His hospital’s emergency room shut down because patients with Zika symptoms were spilling out into the hallways and parking lots. Sonogram exams became somber, fateful appointments — “like a sentencing,” said Pedro Pires, an obstetrician-gynecologist who specializes in Zika.

 State health records show that 2015 was a peak year for births in Pernambuco, precisely at the moment when Zika was most virulent but had yet to be identified.

As much as 70 percent of Recife’s inhabitants contracted Zika in 2015 and 2016, according to Pires, and that high rate of infection likely prevented a revival of the epidemic in recent months — summer in the Southern Hemisphere — because most of the population has become immune. 


A mother with her newborn in the infirmary at a public hospital in the city of Recife. (Joao Pina for The Washington Post )

Last year, the birthrate fell by about 7 percent statewide, according to the latest figures, but it dropped as much as 45 percent at the private clinics that cater to more affluent women. Negromonte and other doctors say they have never seen such a sharp drop in birthrates. 

The panic has mostly lifted. Alcantara, the mother who delayed pregnancy because of Zika, said she and her husband, Wilton, made that decision after the couple and their 3-year-old daughter, Lara, were infected in early 2015. 

But new research on the disease and its virtual disappearance convinced Wilton, himself an emergency room doctor, that it was safe enough to have a child in Recife again. 

The couple brought Lara with them on a recent morning to a routine sonogram check. It showed a healthy baby boy. The only tears were Lara’s. She wanted a sister.  

Her father hugged her, laughing. “We’ll try for another girl next year,” he said. 


Erika Alcantara, 36, is 17 weeks pregnant. She receives an ultrasound while her husband, Wilton, 35, and daughter, Lara, watch. (Joao Pina for The Washington Post )
‘I was shocked’

Gleyse Kelly da Silva had never heard of microcephaly when her unborn daughter was diagnosed with it in late 2015. “I was shocked by what I saw on Google,” she said. “I would cry myself to sleep every night, and when my husband thought I was no longer awake, he would start crying.” 

The hopelessness gave way to action. A few months after her daughter Giovanna was born, she formed a WhatsApp chat group for mothers of children with microcephaly. Within a week, the group had 100 members. What started out as a way to share tips on treatment facilities and navigating the bureaucracy became a source of 24-hour support.

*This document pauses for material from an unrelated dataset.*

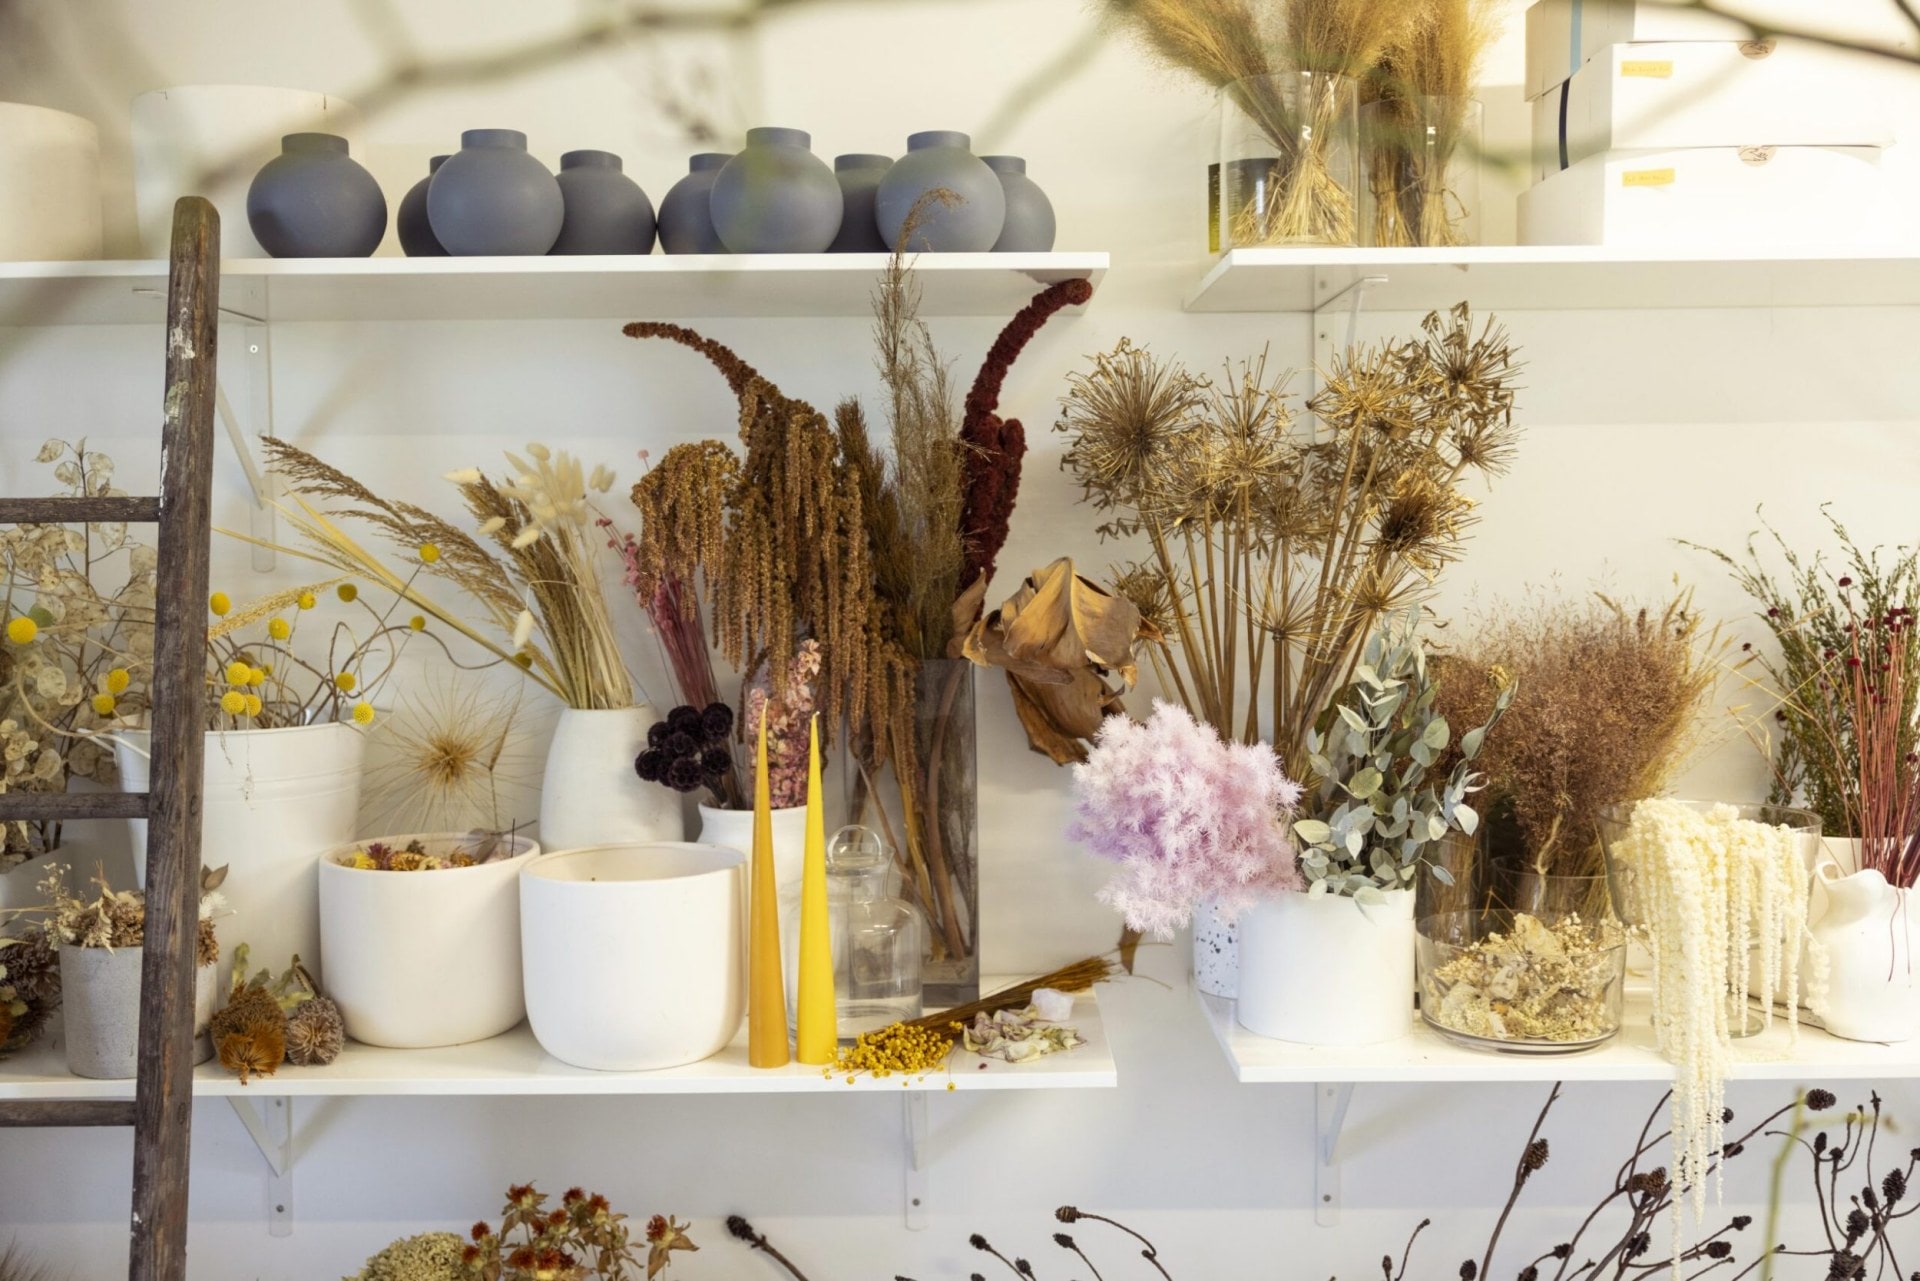 Shelves at a floral shop with white vases and dried flowers

When her daughter kept her up all night crying, da Silva would turn to the group and find other mothers also awake. “They would tell me, you’ve got this, keep going,” she said. 

Today, 400 mothers from across the state have joined the chat group. It has become their best megaphone whenever they need to amplify pressure on government health officials. And when one mother is tight on cash and can’t afford medicine, others step in to help. They share tips on which anti-seizure drugs work best and which sleeping positions can soothe inconsolable babies.  

“I joke that we’ve all become doctors without diplomas,” said da Silva, 28. 


Gleyse Kelly da Silva, 28, with her youngest daughter, Giovanna, who is 15 months old and has microcephaly. (Joao Pina for The Washington Post )

Giovanna, now 15 months old, is still unable to hold up her head for long. She eats better now but doesn’t sleep much. At night, da Silva and her husband, Felipe, settle onto the couch with the baby. She doesn’t cry if her father keeps her bouncing on his knee.  

He has had to quit his job as a security guard. But he has learned to sleep this way: head slumped into the armrest, television on mute, with Giovanna draped across his leg, bouncing, bouncing, bouncing.